A representational image showing the silhouette of a mother and her child. — Canva
Research on mental health issues in Pakistan is limited, often relying on estimates or outdated data. In Pakistan, an estimated 80% of housewives visiting urban clinics are diagnosed with stress-related disorders, and 65% of individuals seeking therapy are women, predominantly married, reporting high levels of family conflict.
Yet, the stigma persists. “There is significant shame associated with mental health in our society,” says Dr. Rehman. “A mother is expected to be selfless, strong, and giving. If she expresses her struggles, she is often perceived as ungrateful or weak.”
Dr. Malik concurred, adding that even among educated families, there is resistance. “Mental illness is still viewed as a moral failing. A woman might be advised to pray more or to ‘snap out of it.’ No one informs her that postpartum depression is a medical condition, and no one tells her she deserves help.”
Both experts believe that the initial step is open conversation. “We need to normalize discussing these feelings,” said Dr. Rehman. “Let mothers speak without judgment. Let them cry without being labeled as dramatic.”
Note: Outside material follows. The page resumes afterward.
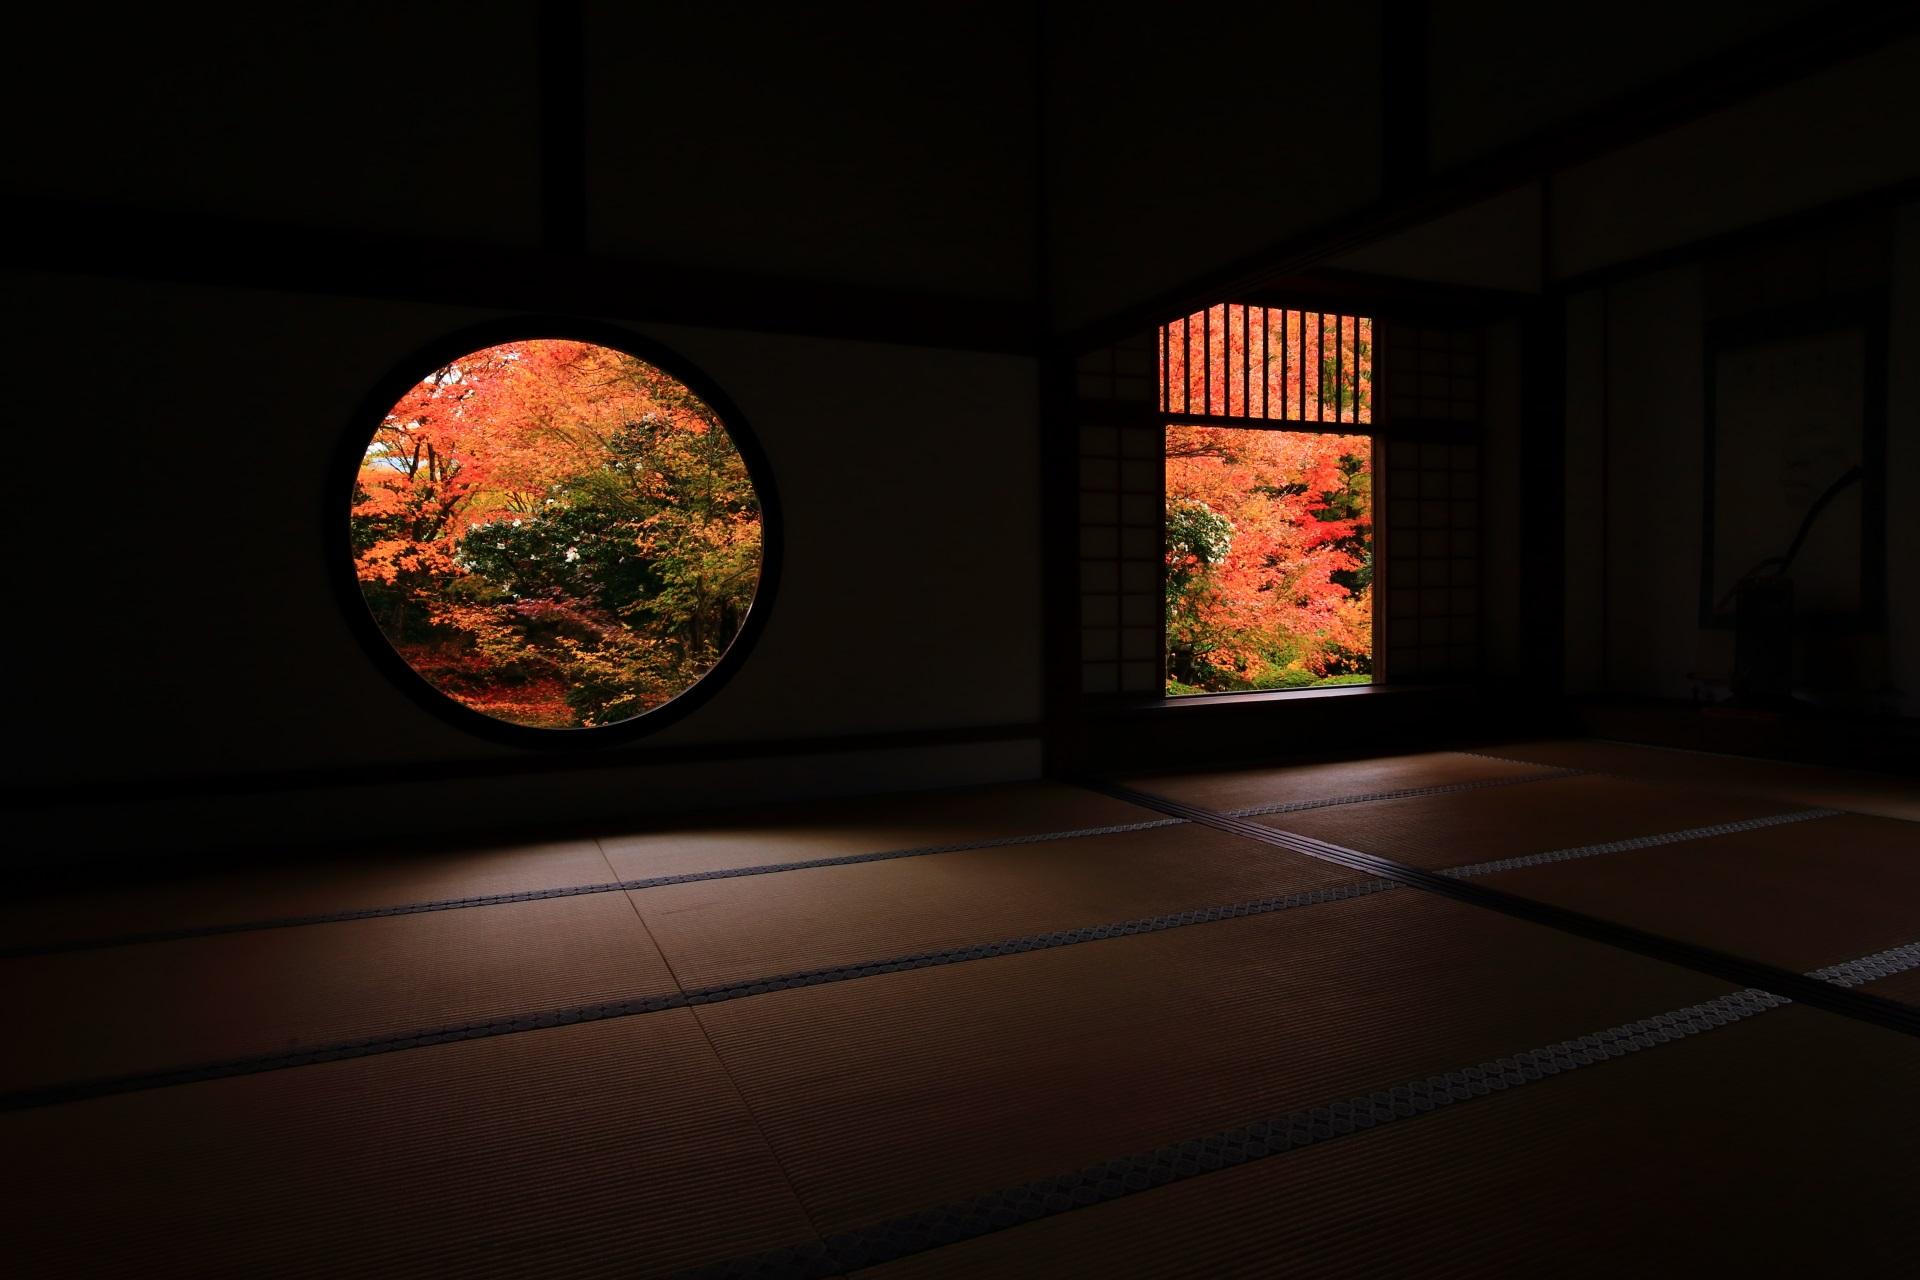 有名な丸い「悟りの窓」と四角い「迷いの窓」の紅葉

Dr. Malik suggested integrating mental health screenings into routine prenatal and postnatal check-ups. “It should be standard practice. Just as we monitor blood pressure or hemoglobin levels, we should inquire about mothers’ emotional well-being. And if there is a red flag, follow up with referrals and support.”
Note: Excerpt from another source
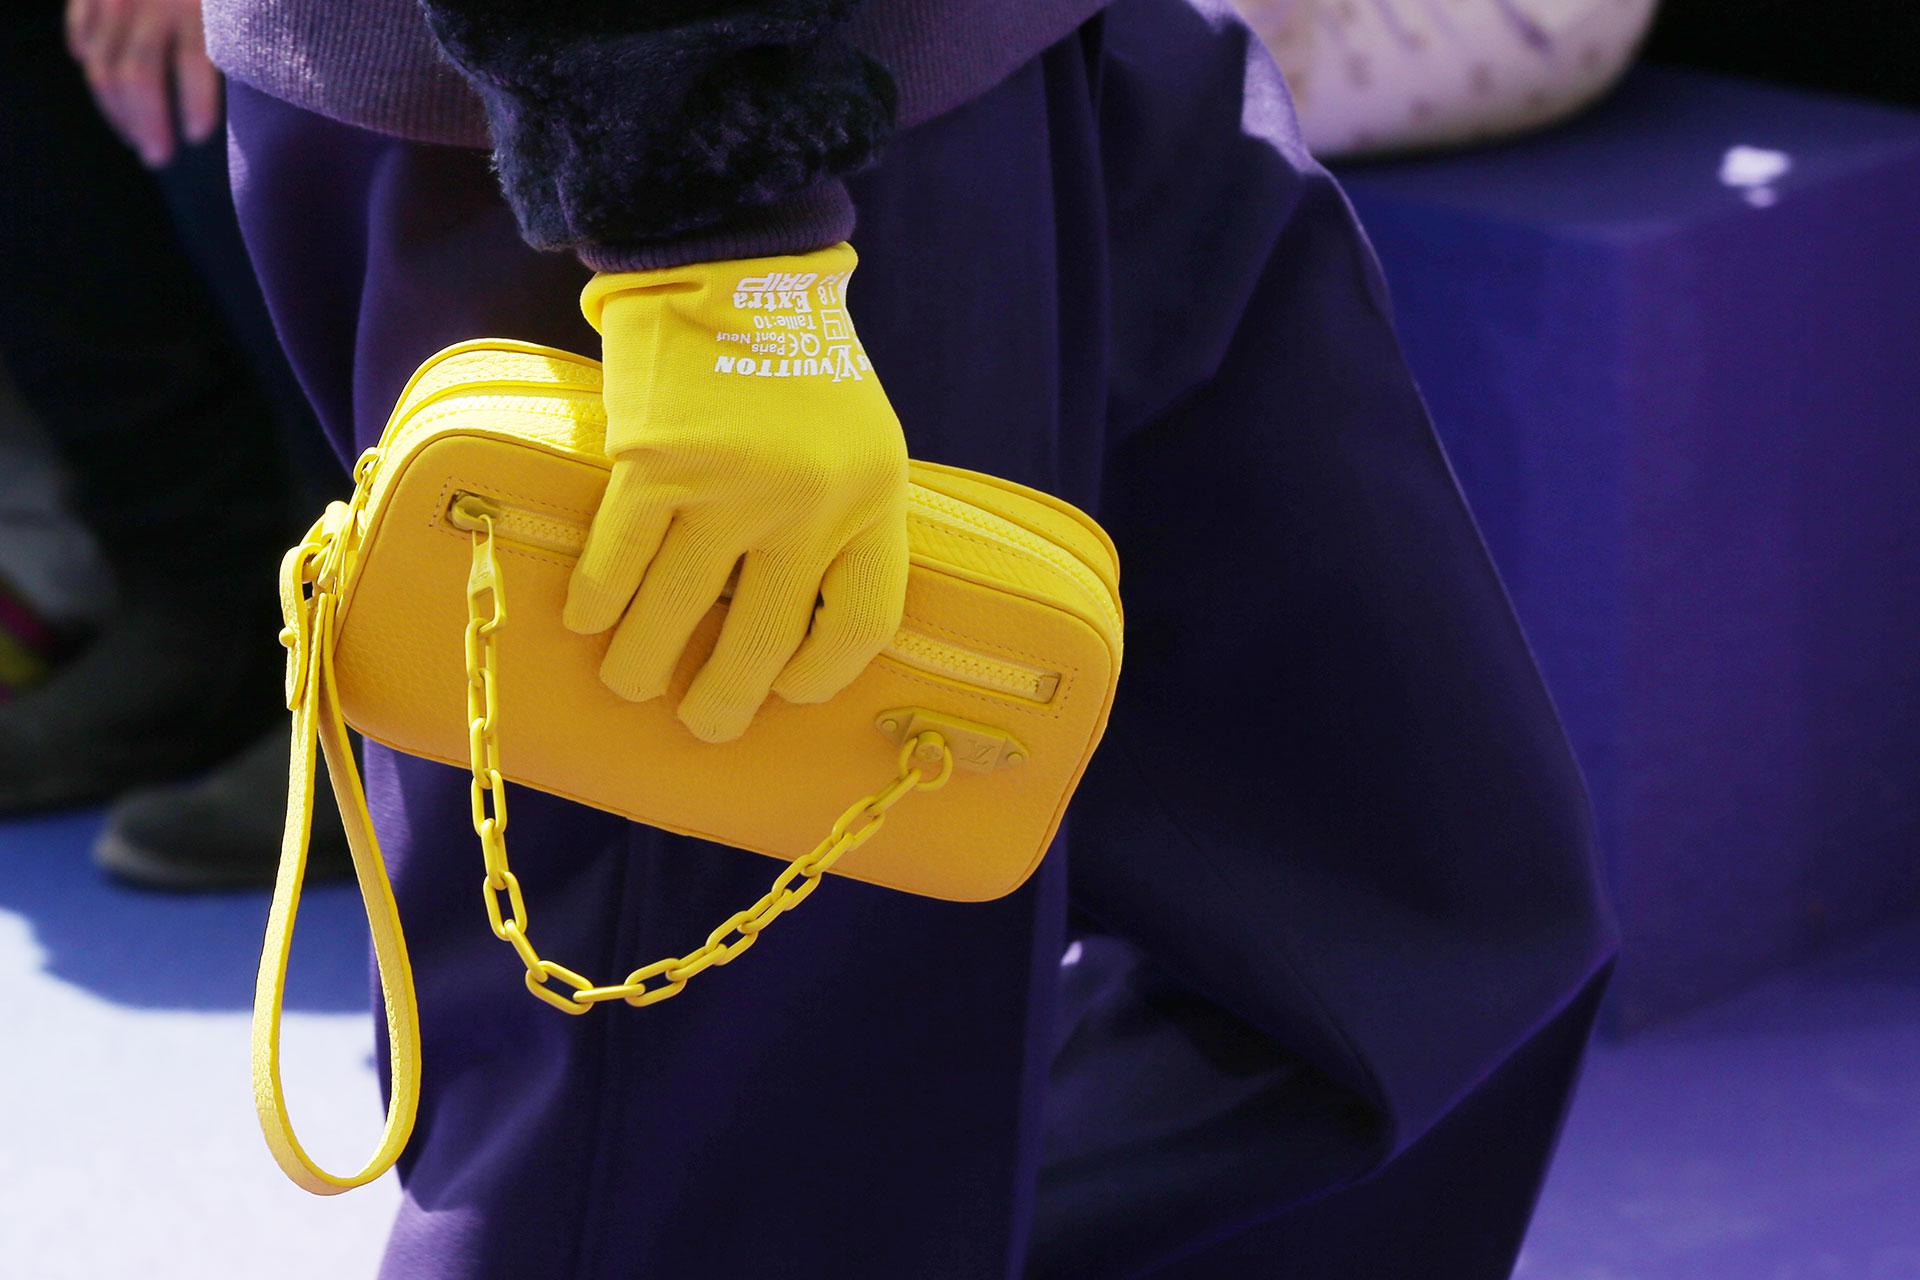 Guantes amarillos y sobre a tono. El nuevo director creativo utilizó en reiterados accesorios la combinación de cuero y plástico

They also advocate for the power of community and social media. “When mothers see other women sharing their experiences online, they realize they are not alone,” says Dr. Rehman. “We need more digital platforms, safe spaces, and public health campaigns focused on maternal mental health.”
Ultimately, it comes down to compassion. When we ask mothers, “How are you feeling?” and genuinely listen, we begin to cultivate a culture of care. Because a mother who is mentally well is better equipped to raise a child who is emotionally strong, and that child shapes the future of our society.
As Dr. Saad Malik aptly put it, “When we ignore a mother’s mental health, we don’t just risk losing her – we risk the emotional future of her child. And that is a cost far too high for any society to bear.”